Pulsa para ver en grande
Pablo y Bernabé ya no estaban con los discípulos que habían creído en Antioquía, pero la confianza de las personas de la ciudad no se había puesto en los apóstoles, sino en Dios. Por eso, permanecieron gozosos en Él, quien seguía presente con ellos para esta vida y para la eternidad. Pablo escribe a los corintios que su propósito era predicar y conducirse de tal manera que la fe de sus oyentes no se apoyara en él, sino en Dios: “Para que vuestra fe no esté fundada en la sabiduría de los hombres, sino en el poder de Dios (1 Co. 2:5). La experiencia de los discípulos en Antioquía incluía también un bautismo en el Espíritu.

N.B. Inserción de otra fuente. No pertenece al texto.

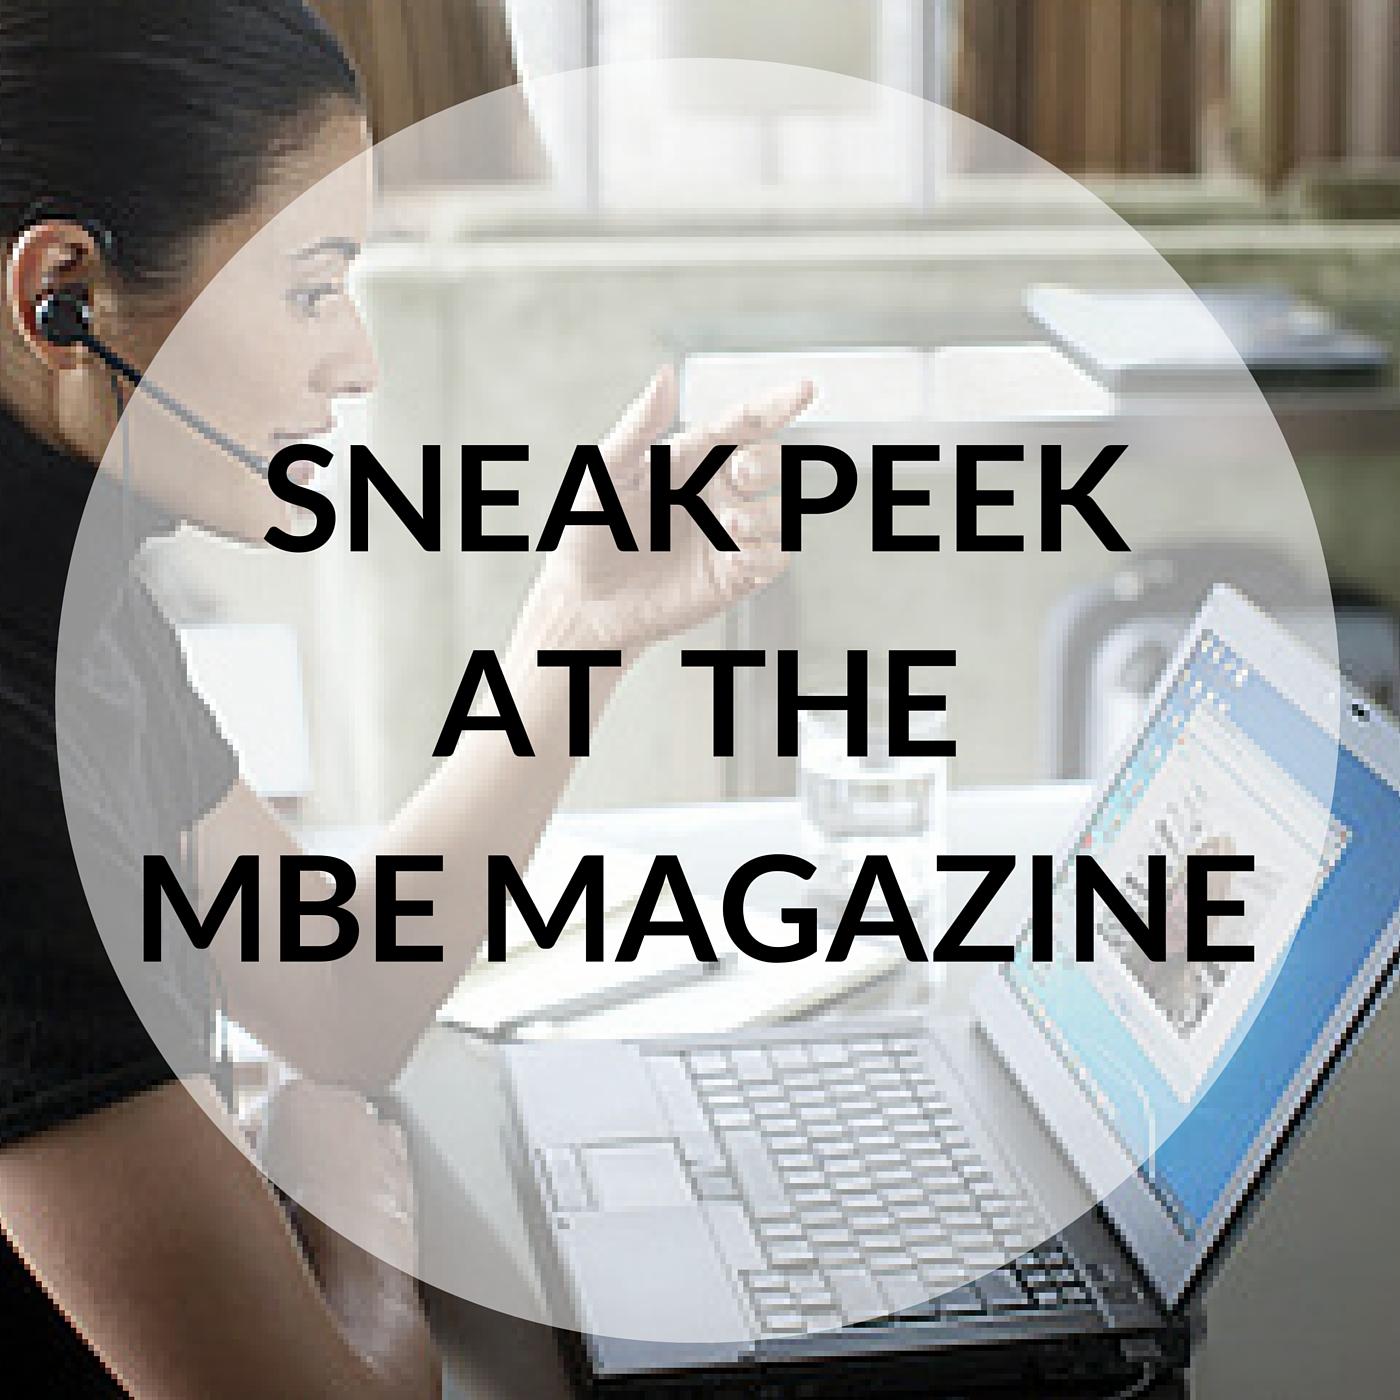 Sneak Peek MBE magazine, Minority Business Entrepreneur, Lisa Siragusa Interview, WBE Canada, Breakfast with Brands

 En cuanto a Pablo y Bernabé, Pablo expresó a los tesalonicenses una verdad sobre todos los creyentes que llegaron a la fe mediante su ministerio: “¿Cuál es nuestra esperanza, o gozo, o corona de que me gloríe? ¿No lo sois vosotros, delante de nuestro Señor Jesucristo, en su venida? Vosotros sois nuestra gloria y gozo”.